Prerequisite: MATH 3002 or permission of the School.
MATH 5407 [0.5 credit] (MAT 5134)
Topics in Partial Differential Equations
Theory of distributions, initial-value problems based on two-dimensional wave equations, Laplace transform, Fourier integral transform, diffusion problems, Helmholtz equation with application to boundary and initial-value problems in cylindrical and spherical coordinates. Also offered, with different requirements, as MATH 4701 for which additional credit is precluded.
Prerequisite: MATH 5406 or permission of the School.
STAT 5500 [0.5 credit] (MAT 5177)
Multivariate Normal Theory
Multivariate normal distribution properties, characterization, estimation of means, and covariance matrix. Regression approach to distribution theory of statistics; multivariate tests; correlations; classification of observations; Wilks' criteria.
Prerequisite: MATH 3500.
STAT 5501 [0.5 credit] (MAT 5191)
Mathematical Statistics II
Confidence intervals and pivotals; Bayesian intervals; optimal tests and Neyman-Pearson theory; likelihood ratio and score tests; significance tests; goodness-of-fit-tests; large sample theory and applications to maximum likelihood and robust estimation. Also offered, with different requirements, as MATH 4507 for which additional credit is precluded.

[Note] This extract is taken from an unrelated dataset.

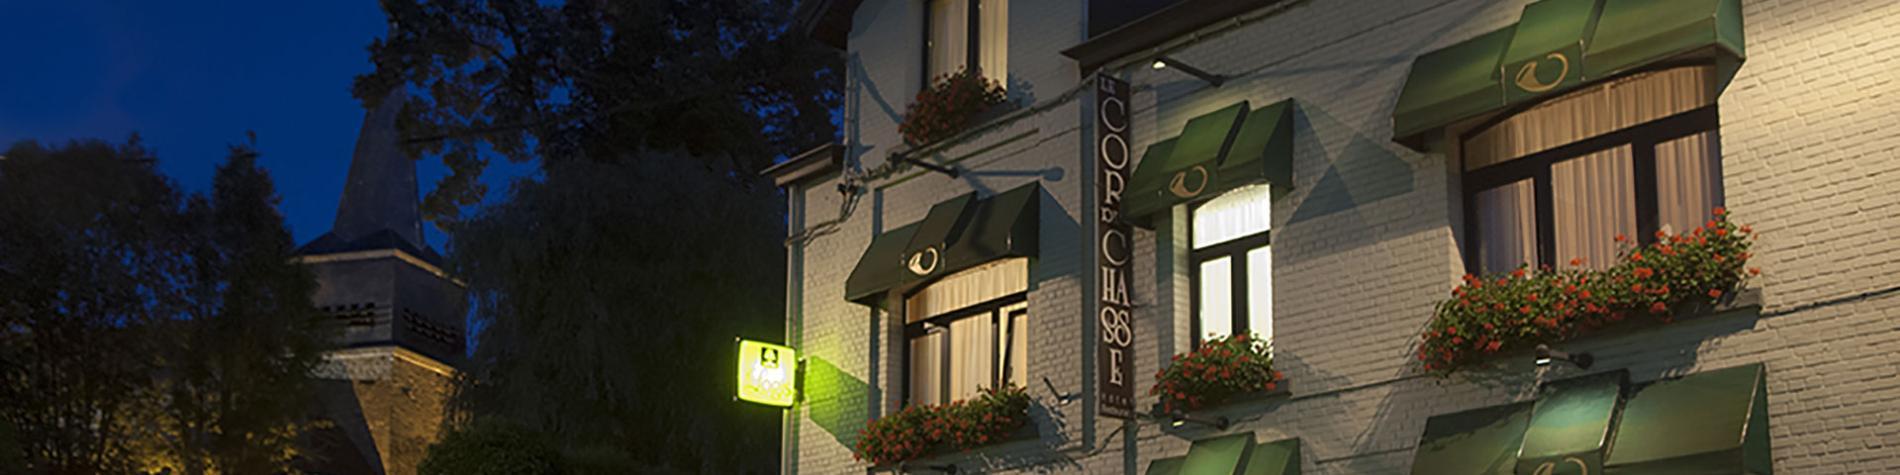 Hôtel - Le Cor de Chasse - Saint-Hubert

Prerequisite: MATH 4500 or STAT 5600 or permission of the School.
STAT 5502 [0.5 credit] (MAT 5192)
Sampling Theory and Methods
Unequal probability sampling with and without replacement; unified theory for standard errors; prediction approach; ratio and regression estimation; stratification and optimal designs; multistage cluster sampling; double sampling; domains of study; post-stratification; nonresponse; measurement errors; related topics.

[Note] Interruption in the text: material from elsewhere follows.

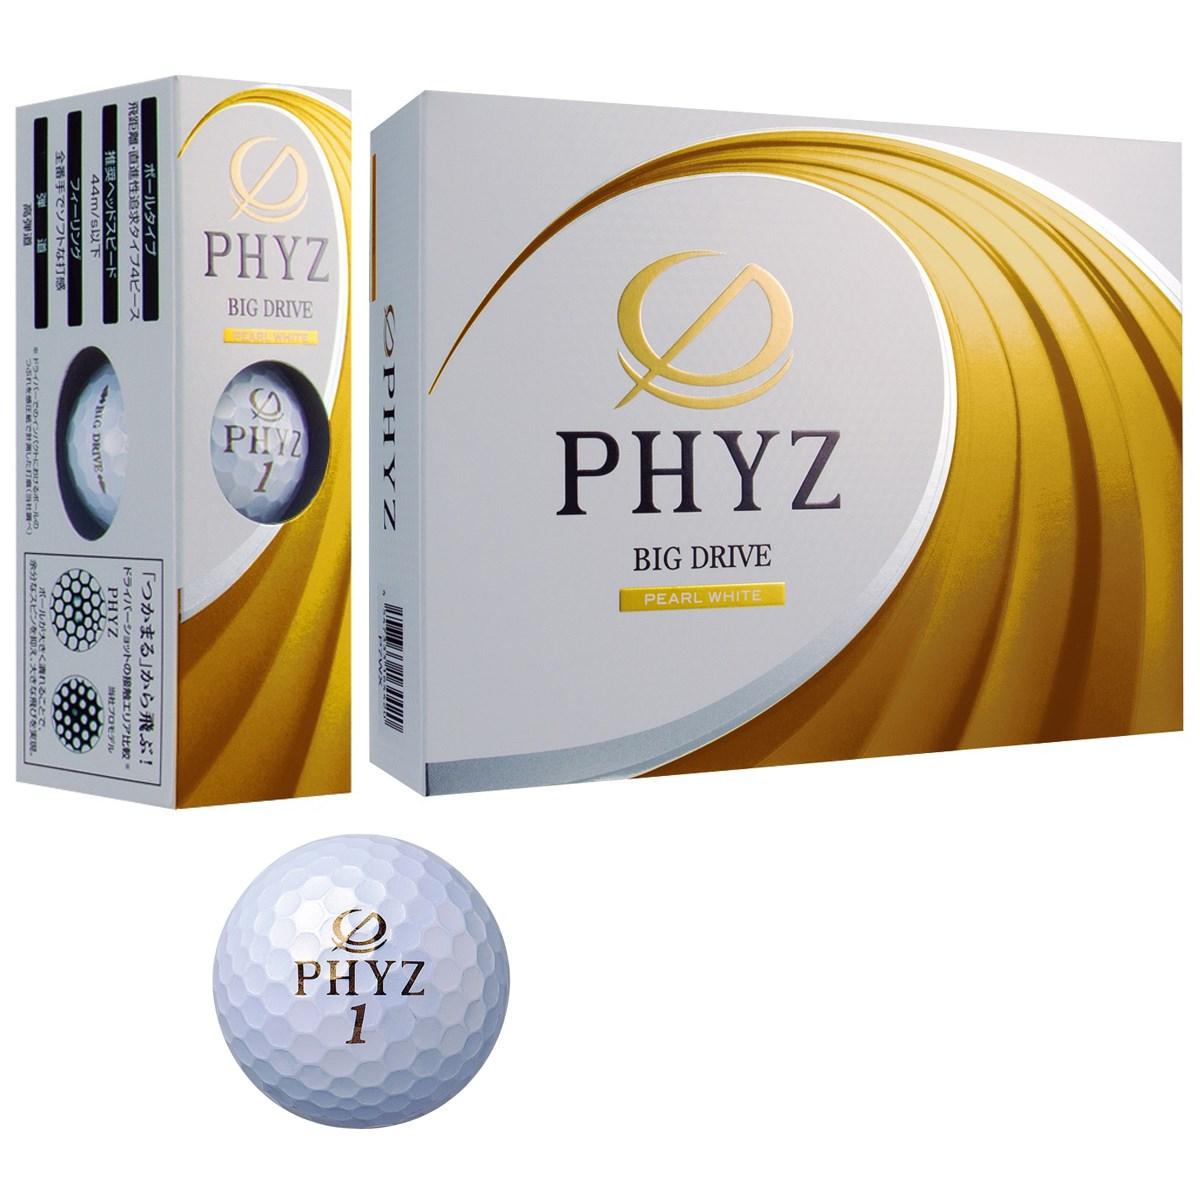 ブリヂストン PHYZ PHYZ ボール 2017年モデル 1ダース(12個入り) パールホワイト

Prerequisite: MATH 4502 or permission of the School.
STAT 5503 [0.5 credit] (MAT 5193)
Linear Models
Theory of non full rank linear models; estimable functions, best linear unbiased estimators, hypotheses testing, confidence regions; multi-way classifications; analysis of covariance; variance component models; maximum likelihood estimation, Minque, Anova methods; miscellaneous topics.
Prerequisite: MATH 4500 or STAT 5600 or permission of the School.
STAT 5504 [0.5 credit] (MAT 5194)
Stochastic Processes and Time Series Analysis
Stationary stochastic processes, inference for stochastic processes, applications to time series and spatial series analysis.
Prerequisite: MATH 4501 or permission of the School.
STAT 5505 [0.5 credit] (MAT 5195)
Design of Experiments
Overview of linear model theory; orthogonality; randomized block and split plot designs; latin square designs; randomization theory; incomplete block designs; factorial experiments: confoundin g and fractional replication; response surface methodology. Miscellaneous topics.
Prerequisite: STAT 3505 or STAT 4500 or STAT 5600 or permission of the School.
STAT 5506 [0.5 credit] (MAT 5175)
Robust Statistical Inference
Nonparametric tests for location, scale, and regression parameters; derivation of rank tests; distribution theory of linear rank statistics and their efficiency. Robust estimation of location, scale and regression parameters; Huber's M-estimators, Rank-methods, L-estimators. Influence function. Adaptive procedures. Also offered, with different requirements, as MATH 4506 for which additional credit is precluded.
Prerequisite: MATH 4500 or STAT 5600 or permission of the School.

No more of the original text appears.